Re: help needed : filters in regex-urlfilter.txt

Posted by cha <ch...@metrixline.com>.
Hi,

I have try the filters u have provided ..but still its not working..

i have enable urlfilter-regex plugin in your configuration as well..

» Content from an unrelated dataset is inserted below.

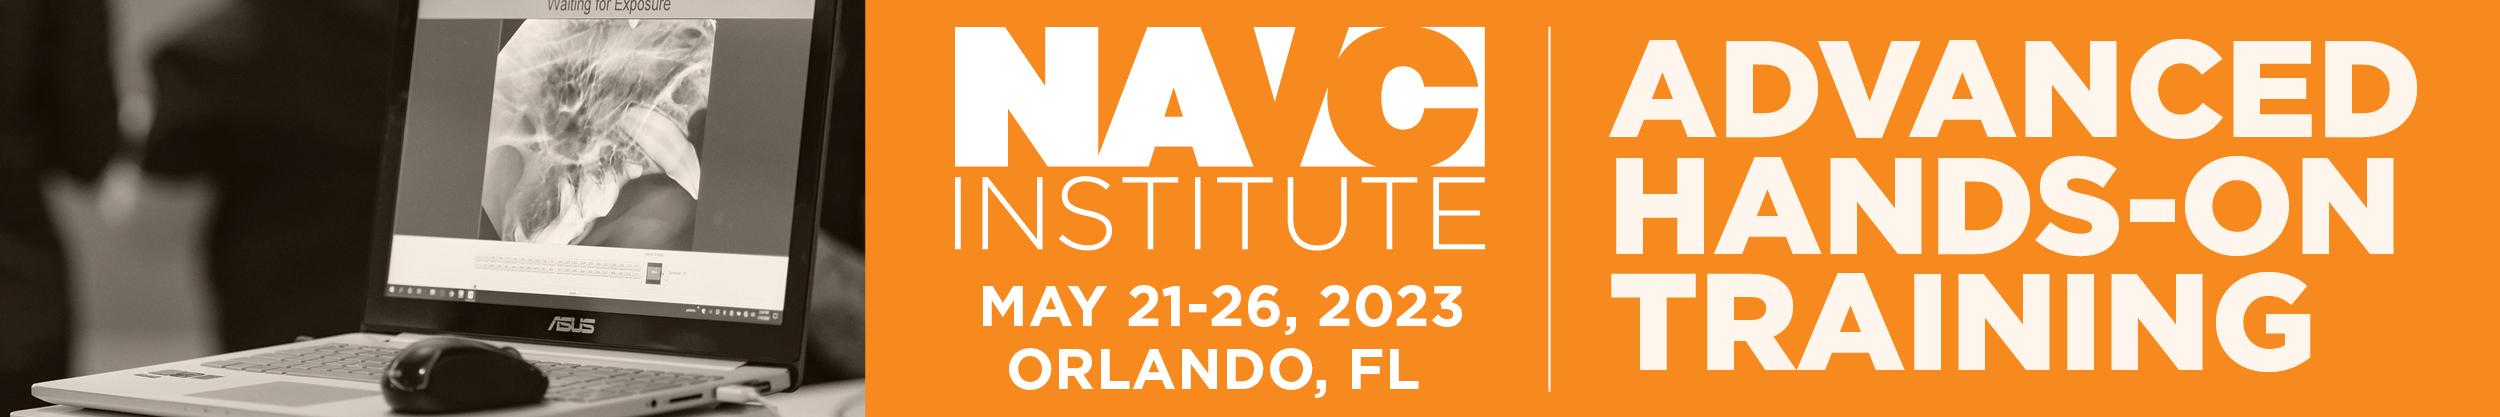 NAVC Institute 2023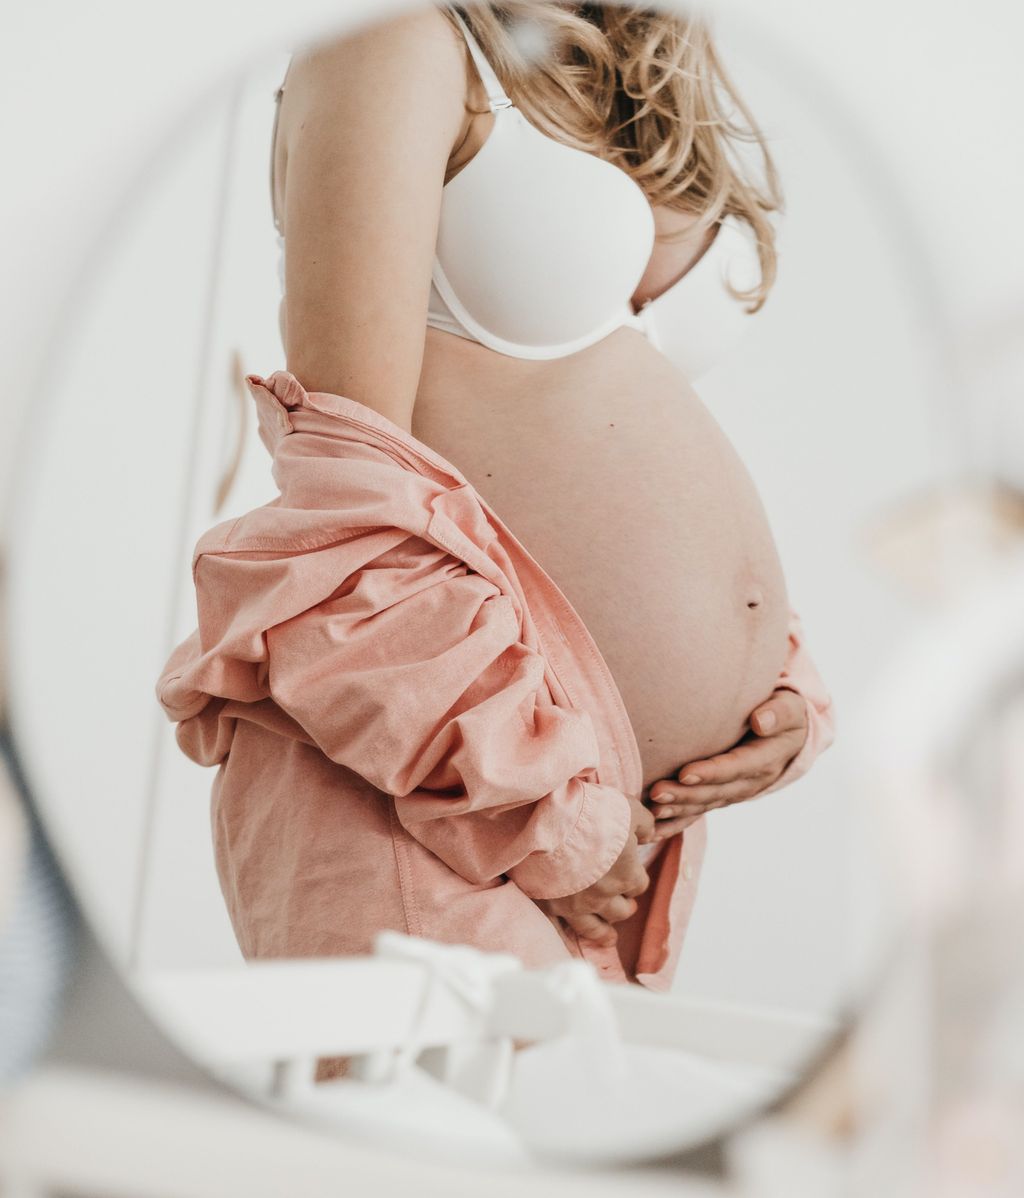 El cuerpo cambia mucho durante el embarazo. FUENTE: Pexels

i cant find out whats the problem is.

Cheers,
cha



Jason Culverhouse wrote:
> 
> Cha,
> You want something like this
> 
> -^http://([a-z0-9]*\.)*example.com/stores/[^/]+/(merch-cats-pg|merch- 
> cats|merch)/
> 
> Your regex fails to match because that last segment '/merch-cats-pg 
> \.*' requires a literal .
> So it matches http://www.example.com/stores/abcd/merch-cats-pg.
> not http://www.example.com/stores/abcd/merch-cats-pg/
> 
> You could also just change that to  '/merch-cats-pg.*'
> 
> Get a copy of Mastering Regular Expressions By Jeffrey E. F. Friedl
> http://www.oreilly.com/catalog/regex3/index.html
> 
> Jason
> 
> On Mar 21, 2007, at 8:37 AM, cha wrote:
> 
>>
>>
>> Hi,
>>
>> I want to ignore the following urls from crawling
>>
>> for eg.
>>
>> http://www.example.com/stores/abcd/merch-cats-pg/abcd.*
>> http://www.example.com/stores/abcd/merch-cats/abcd.*
>> http://www.example.com/stores/abcd/merch/abd.*
>>
>>
>> I have used regex-urlfilter.txt file  and negate the following urls:
>>
>>
>> # skip URLs containing certain characters as probable queries, etc.
>> #-[*!@?]
>> -http://([a-z0-9]*\.)*example.com/stores/.*/merch-cats-pg\.*
>> -http://([a-z0-9]*\.)*example.com/stores/.*/merch-cats\.*
>> -http://([a-z0-9]*\.)*example.com/stores/.*/merch\.*
>>
>> The above filters still don't filters all the urls.
>>
>> is there any way to solve this..any alternatives??
>>
>> Awaiting,
>>
>> Cha
>>
>>
>>
>> -- 
>> View this message in context: http://www.nabble.com/help-needed-%3A- 
>> filters-in-regex-urlfilter.txt-tf3441531.html#a9596460
>> Sent from the Nutch - User mailing list archive at Nabble.com.
>>
> 
> 
> 

-- 
View this message in context: http://www.nabble.com/help-needed-%3A-filters-in-regex-urlfilter.txt-tf3441531.html#a9629082
Sent from the Nutch - User mailing list archive at Nabble.com.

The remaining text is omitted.